= Cleantech Finland =

Finnish national project

Cleantech Finland is a Finnish national project, backed by the Government of Finland and created as part of Finland's National Action plan to develop the country's environmental business. The network aims to bring together expertise from Finland's clean technology industry and research and to support clean technology companies internationally. Cleantech Finland is owned by the Confederation of Finnish Industries (Finnish: Elinkeinoelämän keskusliitto or EK).

Cleantech Finland's concept is based on the Finland's "national action plan for environmental business", which has been developed by representatives of the Finnish Government, such as the Finnish Ministry of Trade and Industry (now the Ministry of Employment and the Economy), the Ministry of Environment, other research and innovation agencies, environmental organisations and universities in 2006. The ownership of Cleantech Finland was moved from SITRA to the Confederation of Finnish Industries in December 2008. Cleantech Finland's digital expert service Solved spun-off as an independent company in September 2013.

== Strategy ==

The Strategic Cleantech Programme of the Government of Prime Minister Jyrki Katainen was launched in 2012. The strategic goal of the programme is for Finland to be known as a global superpower of cleantech in 2020.

The numerical goals for the strategic cleantech programme by 2020 as defined in the strategy of May 2014 are:
▪ to raise cleantech companies' turnover to EUR 50 billion, of which exports account for over 75%
▪ to double the cleantech home market to about EUR 20 billion
▪ to raise the number of cleantech companies from 2000 to about 3000
▪ to create at least 40,000 jobs in clean technology in Finland.

== Management ==
Cleantech Finland is managed by Finpro (an association providing internationalization services for Finnish small and middle-sized enterprises), and through Finpro's global network, Cleantech Finland has offices in 40 countries.

Cleantech Finland seeks to provide a contact and cooperation platform for clean technology companies and organizations operating in following clean technology branches:

- Water
  - Efficient use of water
  - Purification
  - Waste water treatment
- Energy
  - CHP
  - Energy efficiency
  - Biomass & bioenergy
  - Renewable energy
  - Smart grid
- Waste
  - Industrial waste management
  - Logistics
  - Recycling
  - Waste-to-energy
- Built-environment
  - Air quality
  - Energy management systems
  - Low-energy housing
  - Smart mobility
  - Urban planning

== Purpose ==
The purpose of Cleantech Finland is to provide a global network of clean technology expertise.
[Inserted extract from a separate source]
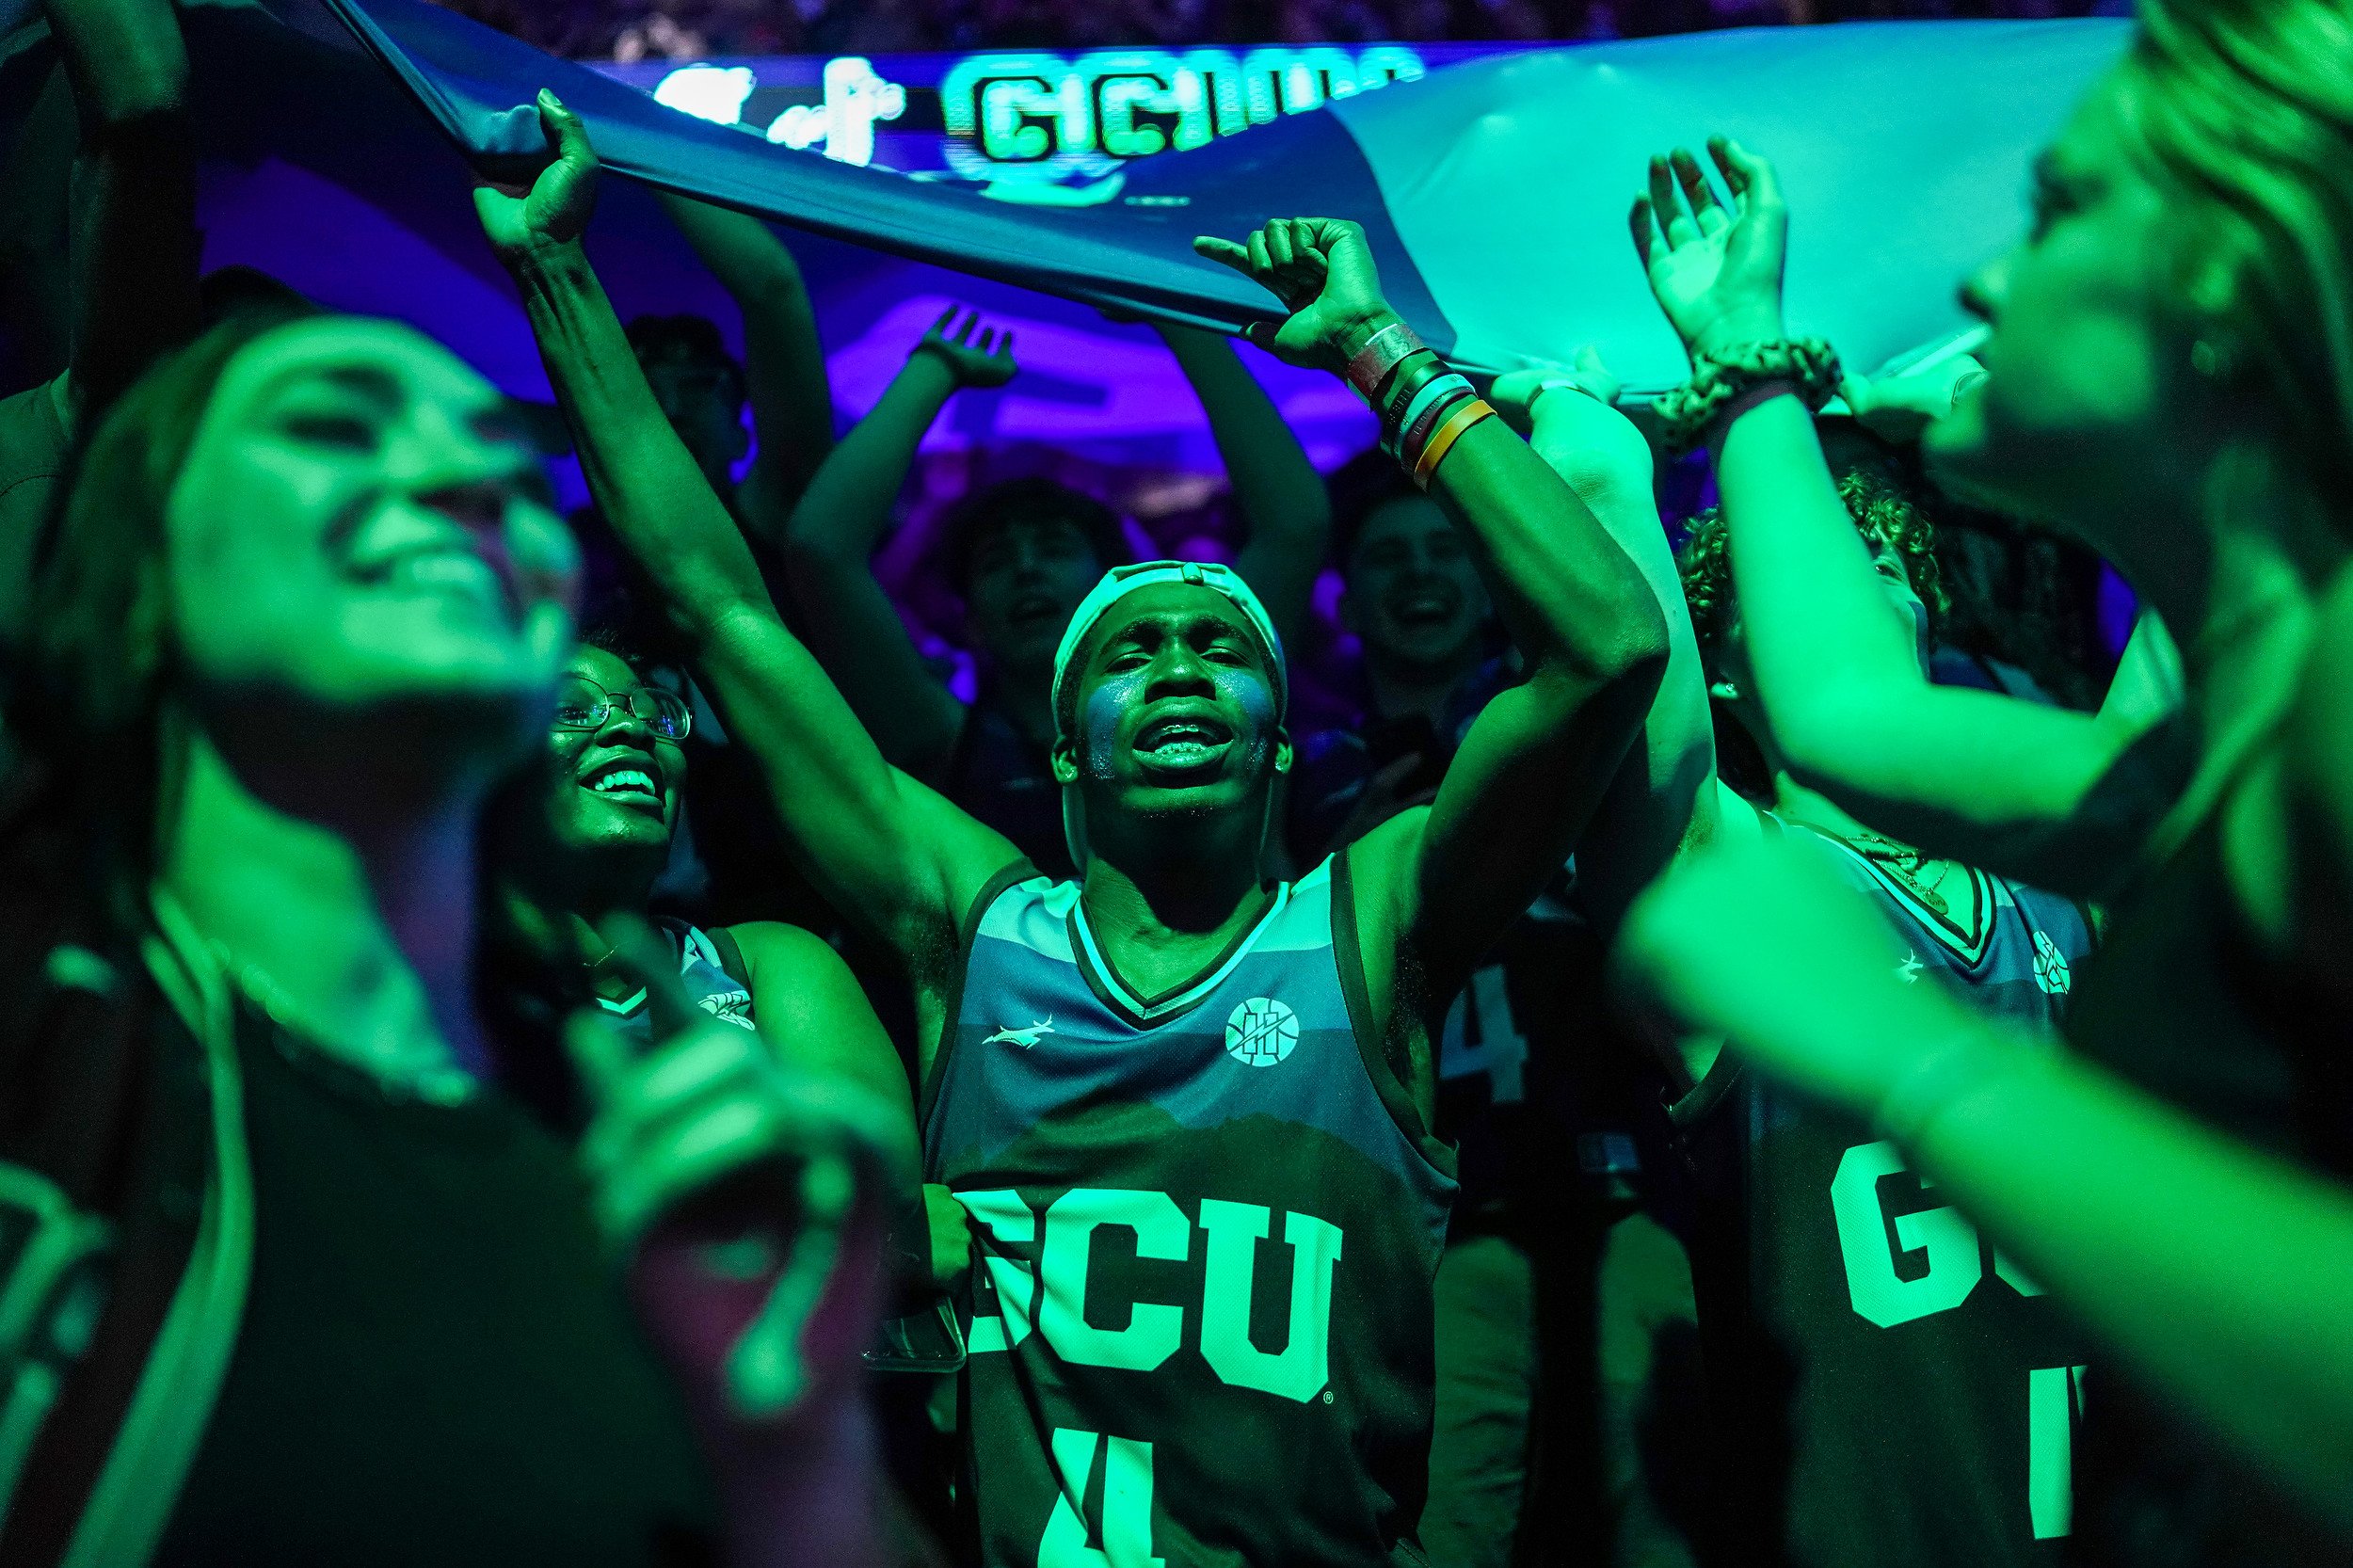  Levi Gue, at center, cheers with Grand Canyon University students dressed in Halloween costumes as they wait for the start of the first half against Western New Mexico University at Grand Canyon University Arena on Saturday, Oct. 30, 2021, in Phoeni

In Finland alone, the highly diversified cleantech sector comprises approximately 2,000 enterprises.

Cleantech Finland serves as an umbrella corporation and coordinator in internationalization efforts, such as conferences and seminars. Additionally, it aims to build contacts between environmental technology companies and national – as well as international – stakeholders.

In order to support its member organizations in financing their environmental research projects, Cleatech Finland is co-operating closely with numerous government-backed innovations support and finance organizations, of which the Finnish Funding Agency for Technology and Innovation (Tekes) and Finnish Innovation Fund (SITRA) are the most notable.

== Background ==
=== Cleantech Industry ===
Cleantech is a concept, which comprises knowledge-based products and services that improve operational performance in terms of sustainable development by using limited or zero non-renewable resources and creating significantly less waste than conventional technologies. A driving force behind cleantech concept is the growing concern of corporations and consumers about climate change and environment, energy costs, as well as energy security.

Motored by political, environmental, and economic developments, the industry has globally attracted increasing amount of venture capital investments with strong exit potential and it has brought new technologies to the markets. International Energy Agency (IEA) calculates that the world will need to spend $46 trillion between now and 2050 to be sure half of all electricity comes from renewable sources. This includes improving energy efficiency.

=== Clean technologies in Finland ===
Finland's greenhouse gas emissions per capita and energy consumption per capita are both one of the highest in the world. This is particularly due to energy intensive industry (particularly paper and pulp industry), cold climate, and long distances. Finland has no natural oil and gas reserves, and also hydropower capacity is in comparison to neighboring Norway and Sweden. Energy efficiency and energy security issues combined with the Finns' economic dependency on clean nature have forced the Finns to seek for innovative energy and other green technology solutions.

Finland has been a leading innovator across multiple sectors. R&D investments amount to roughly 4 per cent of GDP, positioning Finland as having the third-highest R&D funding of any country in the world as a percentage of GDP. That funding is targeted at cutting edge opportunities, especially in power electronics, clean combustion technologies, and environmental monitoring and utilizing ICT in cleantech.

The total turnover of the Finnish cleantech industry was up to 25.8 billion euros (35.8 billion U.S. dollars) in 2013, after a 15 percent surge in 2012.